My suggestion would be that persons, probably lawyers with corrections knowledge, be appointed by Cabinet to review information withheld under ss.27(3).

These persons would review what was withheld by institutions before the prisoner were given the opportunity to rebut the information. Herein they would have the opportunity to make inquiries with staff, inmates and the prisoner at issue, if these inquiries were permitted by the Security Intelligence Officer.

They could then make provide a report and make recommendations to the institution based on their review of s.27 issues and their view of whether the proposed transfer/segregation etc was justified. Their report and recommendations would be shared with the prisoner unless the SIO prohibited the sharing of any aspect of these.

The institution would maintain its role in deciding, subject to Court review, what should be withheld form the inmate. An independent reviewer could simply serve to evaluate the institution’s secret evidence.

The independent person need not have any power to order compliance with their findings.
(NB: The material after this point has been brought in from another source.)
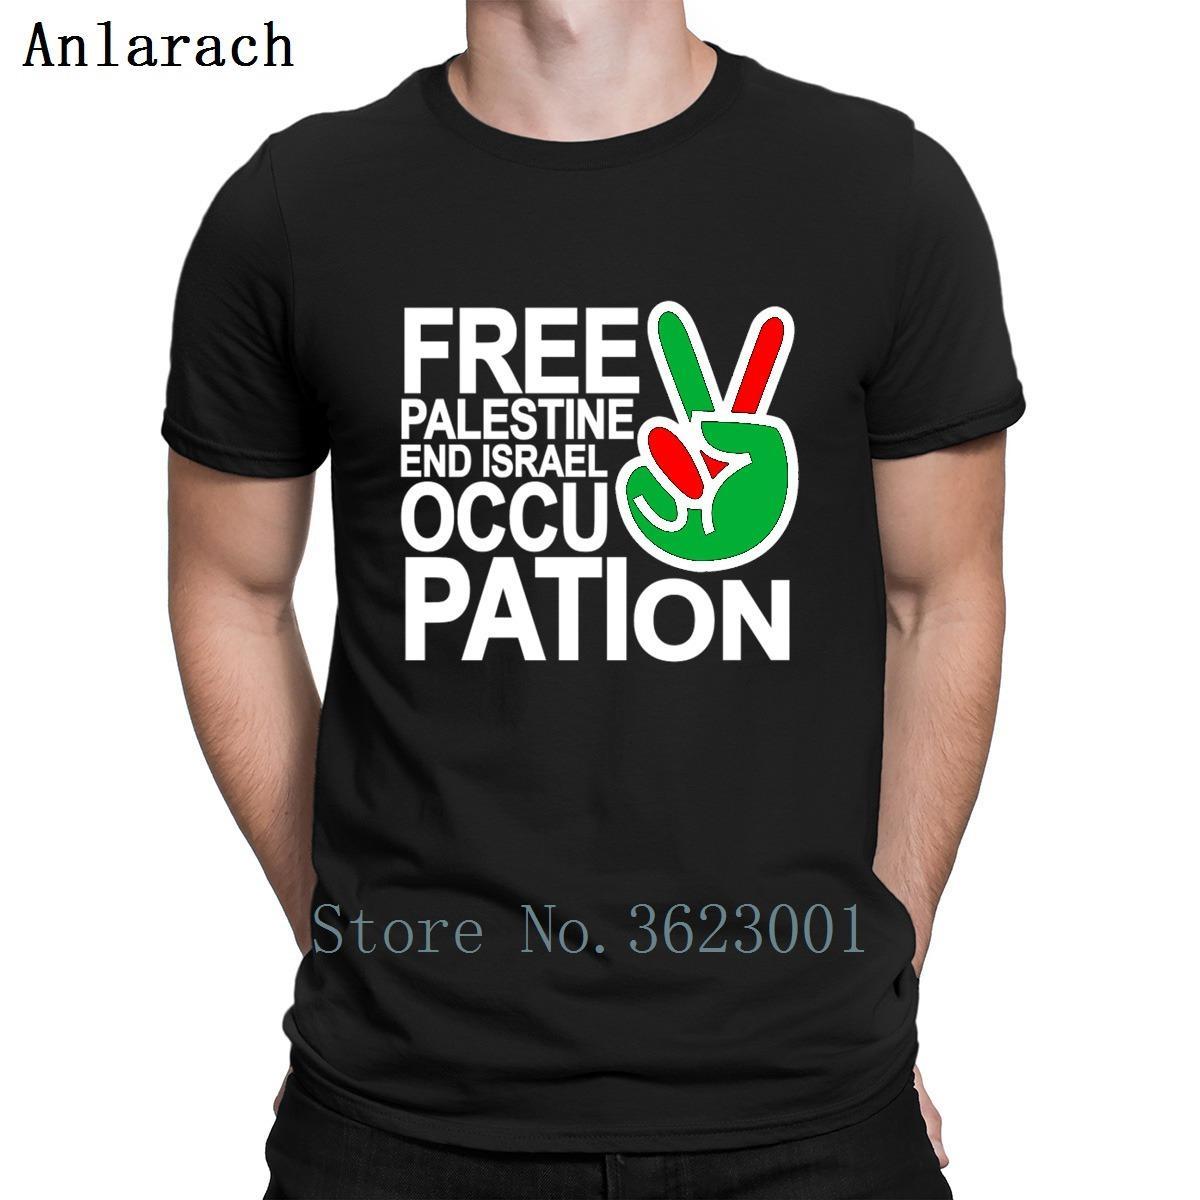 GRATUITA PALASTINA END ISRAELIA DOPPATION T SHIRT AUTENTICA ABBIGLIETTI DI FITNESS ESTATE 2019 T-shirt personalizzata Stampata da uomo in cotone strano

This might assist the institution in deciding whether to provide with decisions.

As well, it might assist prisoners in deciding whether to proceed with a habeas corpus application.

Should the matter go to Court, the independent person’s complete report would be shared with the court in the confidential envelope. The report would provide an account of all the in dependent person’s interactions with staff, inmates the prisoner in question or others, It would include any decisions taken by the SIO in the course of the investigation.

The Court would be free to consult the independent person if it wished.

I believe this system could create efficiencies and provide accurate, reliable information for the transfer/segregation process.

It would also relieve the courts, and the Crown of ill advised litigation.

Most important, it would permit prisoners to have trustworthy and timely review of their rights, leading to timely, effective reintegration into the community.